The union is in dispute with the recently-privatised postal operator on the issues of “pay, pensions and the impact of privatisation on job security [and] terms and conditions”.

It announced the one-day walkout on 16 October, days after Royal Mail’s shares began open trading, although it has now agreed to stand down Monday’s strike to allow both parties to focus on reaching an agreement.

In return, Royal Mail has agreed to extend the legal validity of the CWU’s current industrial action ballot from 15 November to 20 November, leaving open the possibility for strike action to take place should a deal fail to materialise.

Royal Mail and the CWU issued a joint statement yesterday (30 October) in which they commited to “finalising an agreement in the next two weeks”. According to the statement, the agreement will include:

  1. Legal protections for employees that extend beyond the current three year offer
  2. An improved pay and reward offer
  3. A separate pensions agreement
  4. An agenda for growth underpinned by a culture of consensual change, timely decision making and industrial stability supported by alternative dispute resolution processes
  5. An agreed approach to aligning resourcing to workload with a resolution to any current workload and resourcing issues
  6. An overview of the future parcels and letters strategy
  7. A joint company/CWU charter shaping the on-going values and principles of the Royal Mail Group
  8. An on-going operational programme of work

The two parties said that an overall agreement would depend on all the elements outlined above being agreed.

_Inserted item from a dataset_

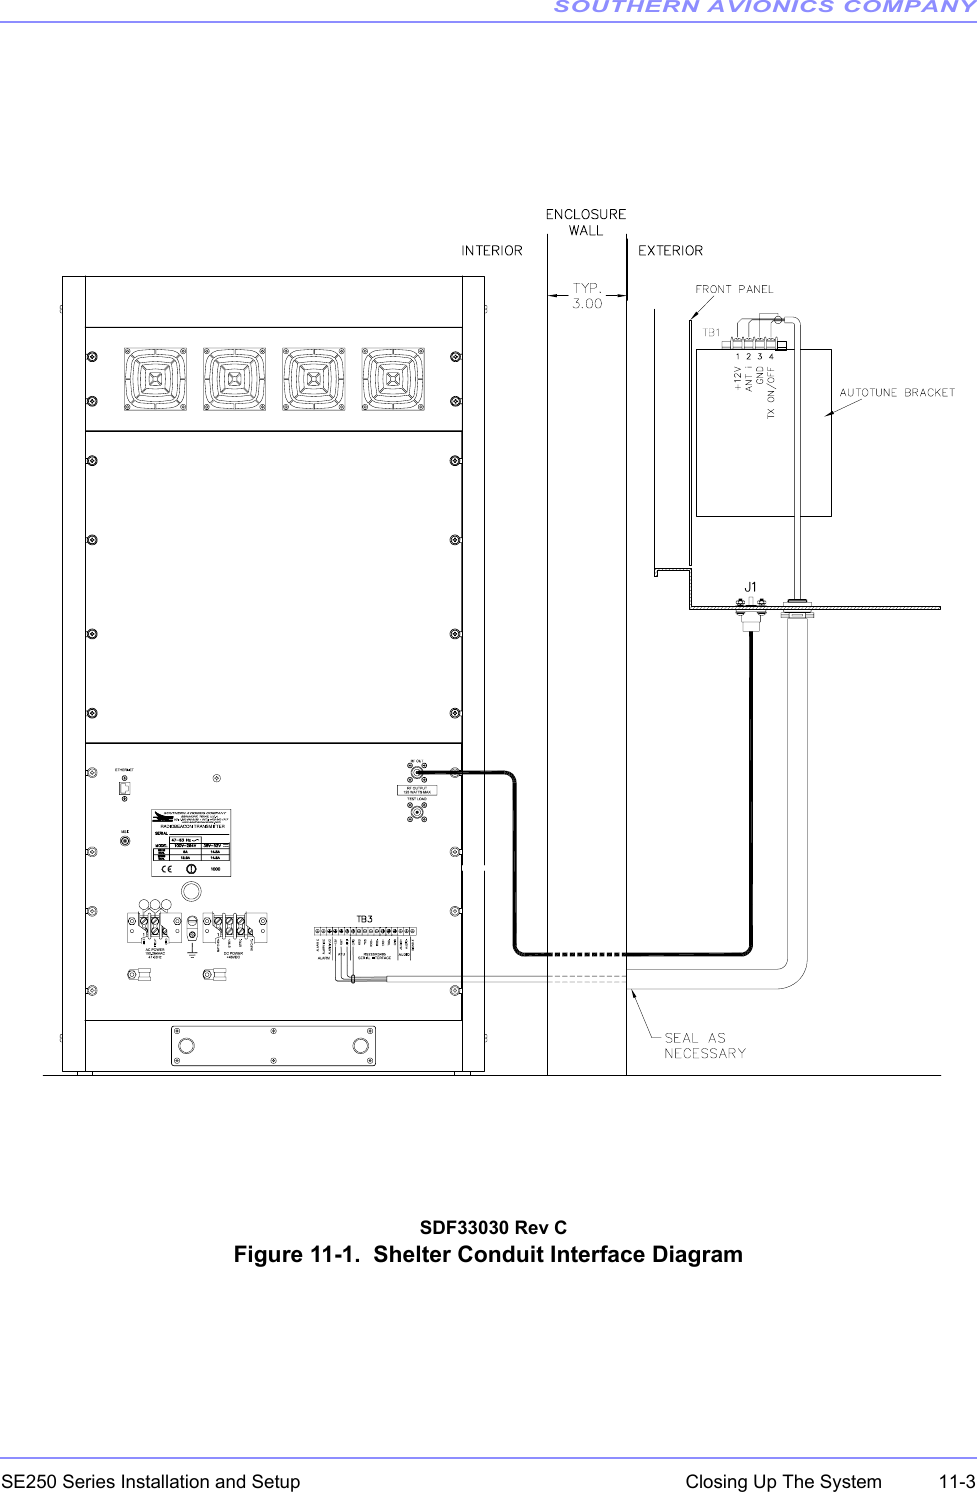 SOUTHERN AVIONICS COMPANYSE250 Series Installation and Setup  11-3Closing Up The System  SDF33030 Rev CFigure 11-1.  Shelter Conduit Interface Diagram 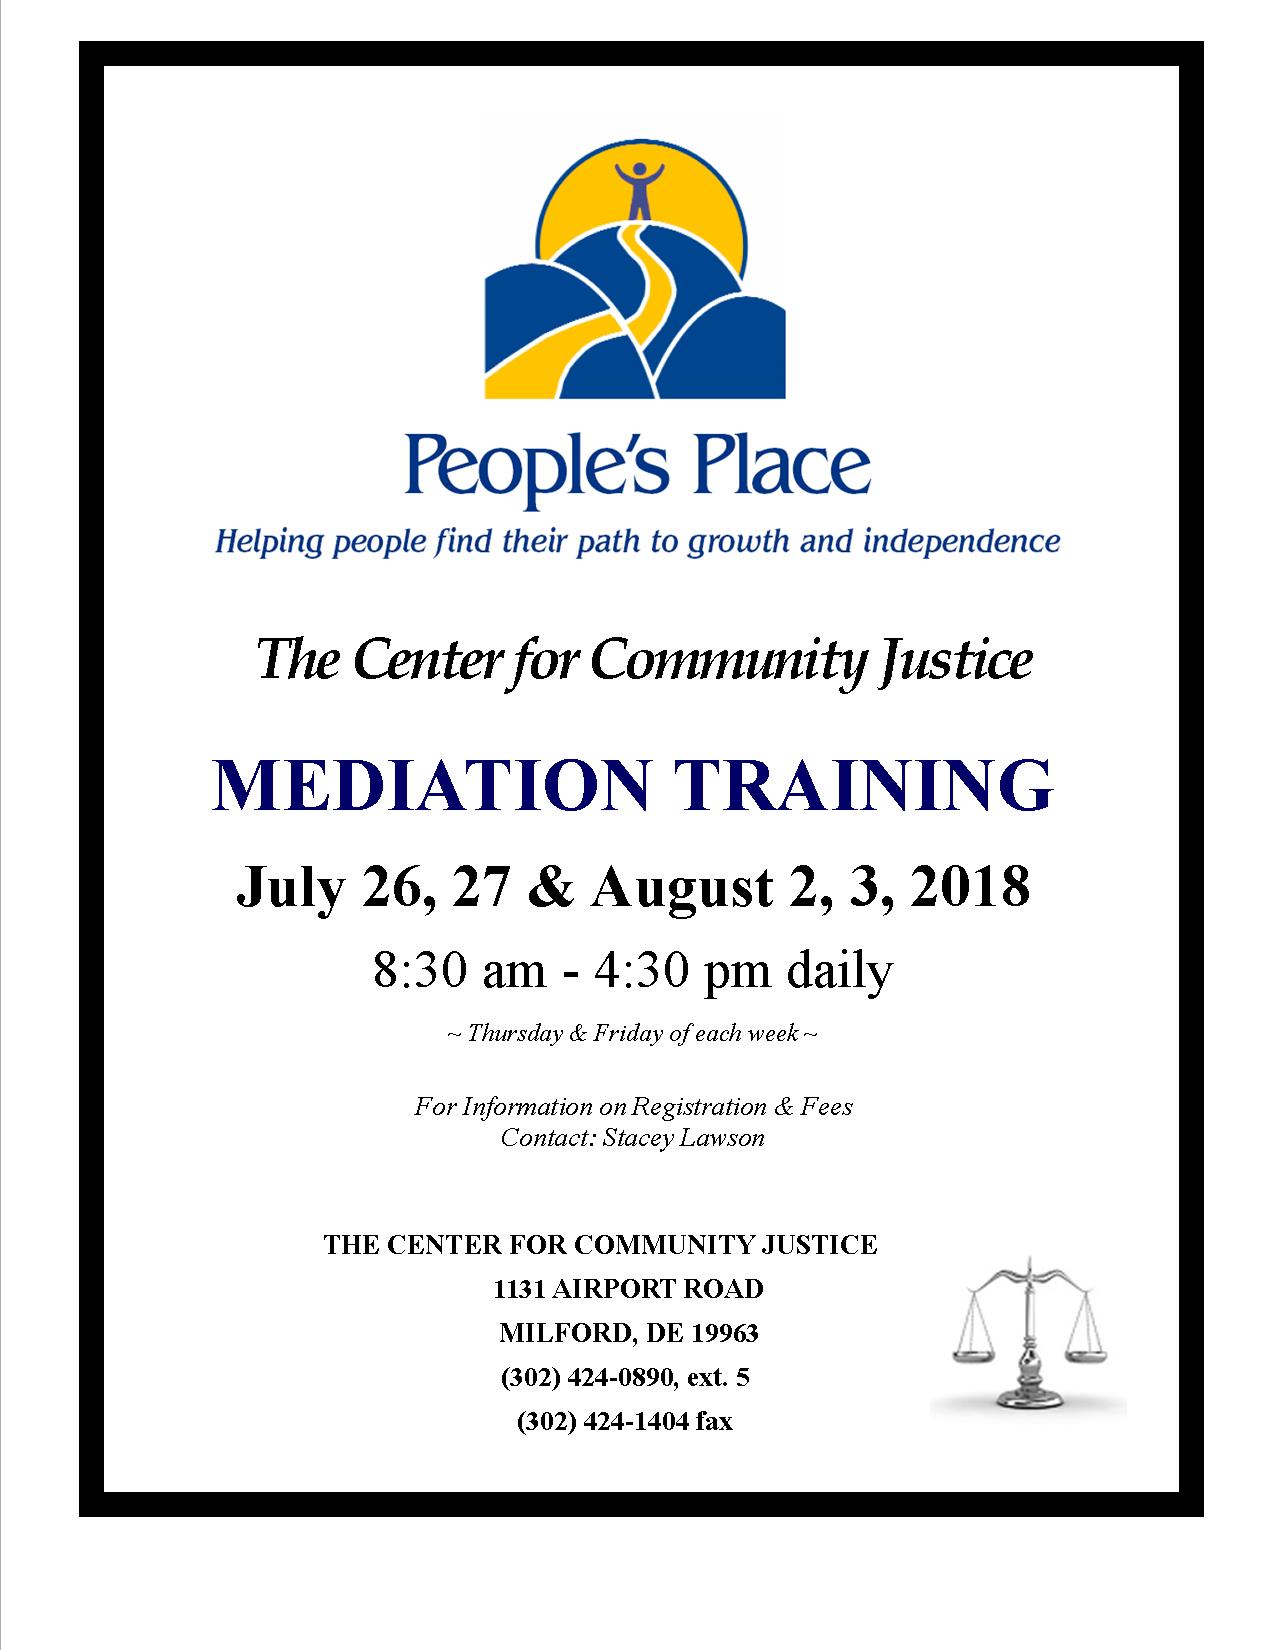 People's Place Mediation Training

No mention was made of the separate and ongoing issue of downstream access mail, which the CWU has threatened repeatedly to boycott.

However, A CWU spokeswoman said that a recently-announced ballot for industrial action over the issue of DSA mail would also be postponed while the union and Royal Mail attempted to reach an agreement on the problems of pay, pensions and job security.

Meanwhile, Royal Mail share price is currently around 550p, some 67% above its IPO price of 330p, on the back of “irrational exuberance” on the part of would-be investors.

While this means that Royal Mail employees who took part in the free share offer have landed a sizeable windfall, they will not be able to sell their shares for three years from the IPO.

In addition the implied dividend yield of 6.1% (based on the IPO price of 330p per share) has fallen to 3.6% based on the current, higher share price.